Dutch intel oversight committee (still) seeks to publish statistics on use of special powers, suggests topics for debate on the new bill

(This is an addendum to a lengthy post on the new Dutch intelligence bill.)

In December 2014, the Dutch Review Committee on the Intelligence & Security Services (CTIVD), the independent expert committee that oversees lawfulness of Dutch intelligence practices, decided to publish statistics on the use of specific interception and on the use of the power to select from bulk-intercepted ether communication — but got censored by the Minister. While the CTIVD operates independently (it has its own million-euro budget, has full access to information, buildings and personnel, and can decide for itself what it wants to review), its reports are published via the Minister. The CTIVD can make recommendations, but those recommendations are not legally binding.

Other countries do publish some form of statistics, including Belgium (the Belgian ‘Standing Committee I’ publishes very detailed annual statistics for both VSSE and ADIV — see here), Germany, and the UK (the UK Interception of Communications Commissioner publishes aggregate statistics on interception warrants issued to MI5+MI6+GCHQ+MoD).

The CTIVD was, and still is, not amused about the Minister’s decision to censor. In June 2015, the CTIVD in its annual report upheld its opinion that statistics about the use of special intelligence powers should be openly published — notwithstanding the fact that in October 2014, in a court case brought forward by Dutch investigatory journalists, a Dutch court ruled in favor of the governments arguments to keep interception statistics secret. Here is what the CTIVD says about this on page 32 of its annual report (original translation):

The transparency pursued by the Committee in the review year was not achieved without a struggle. Publication of its findings was often preceded by discussions with the intelligence and security services and the responsible ministers, respectively. At these meetings the parties frequently achieved a satisfactory balance, but not always. Under current law the minister concerned has final say by virtue of his responsibility for national security.

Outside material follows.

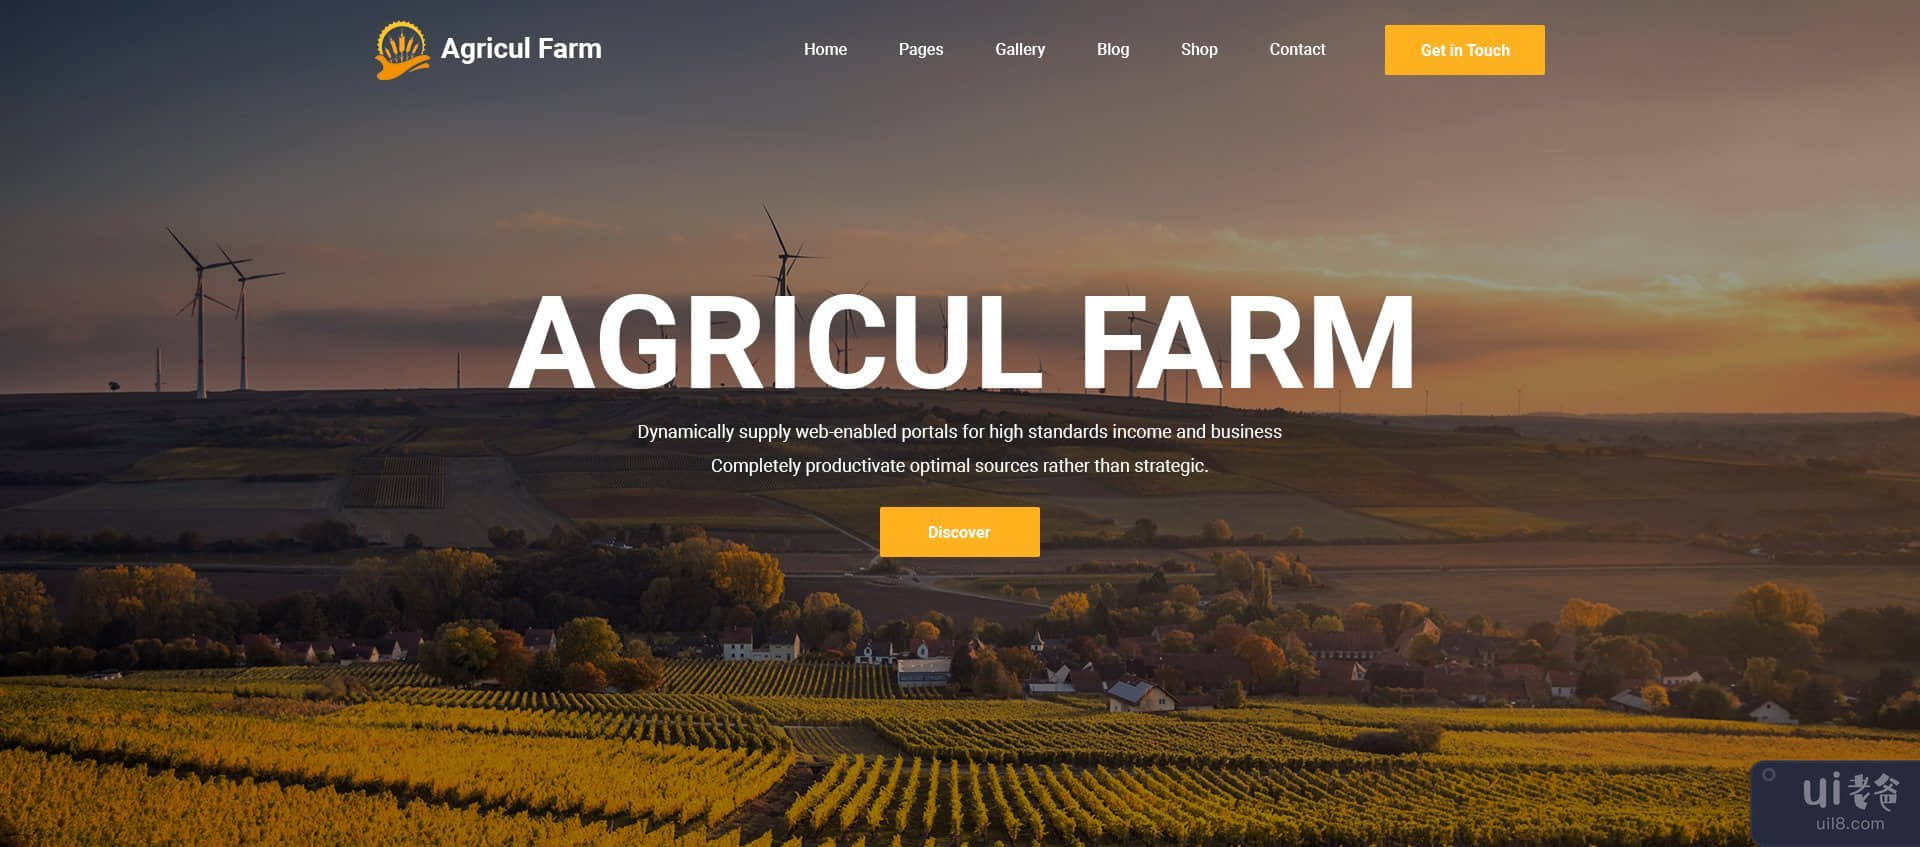 AgriculFarm - 农业和有机食品 PSD 模板(AgriculFarm - Agriculture & Organic Food PSD Template)插图

In the review year, for instance, the Committee wanted to publish with respect to how many persons and organisations GISS [=AIVD] had exercised the power to intercept, in order to give society some understanding of the scale of these privacy-infringing activities. The minister of the Interior and Kingdom Relations, however, blacked out these figures in the Committee’s review report and thus made them illegible. The minister held that these figures provided insight into the current method used by GISS and must therefore be classified state secret. The Committee did not and still does not agree. The figures give an idea of the scale at which these special powers were exercised, while the outside world cannot deduce from them against which (categories of) persons and organisations the power was actually exercised. Moreover, publishing figures happens in neighbouring countries on an annual basis.

Another point of debate is how much can be disclosed to persons who complain about conduct of GISS or DISS [=MIVD]. Situations are conceivable (and have occurred) in individual cases where the interest of public accountability and awareness must take precedence over the regular policy of secrecy. The Committee discussed this above in §4.3.

An overstrong culture of secrecy not only creates scope for unacceptable practices, it may also give rise to myths and misunderstandings. As Snowden’s revelations have shown, this may eventually come to work against the intelligence and security services themselves. The Committee will continue its efforts to achieve a good balance between openness and secrecy.

In other words, it is imperative that the public debate on the new intelligence bill (details here) addresses statistics transparency as well. As far as I’m concerned, the new Dutch law should by law require statistical reports — ideally following the Belgian example. In Belgium, the oversight committee has the legal task to report statistics of special powers, but still has the legal possibility to withhold data if necessary to protect national security. The latter does however not seem to ever occur: the committee annually publishes detailed statistics. (Note: unlike the Dutch oversight committee, the Belgian oversight committee is also tasked with overseeing efficacy; I don’t know whether that may be a relevant factor here.)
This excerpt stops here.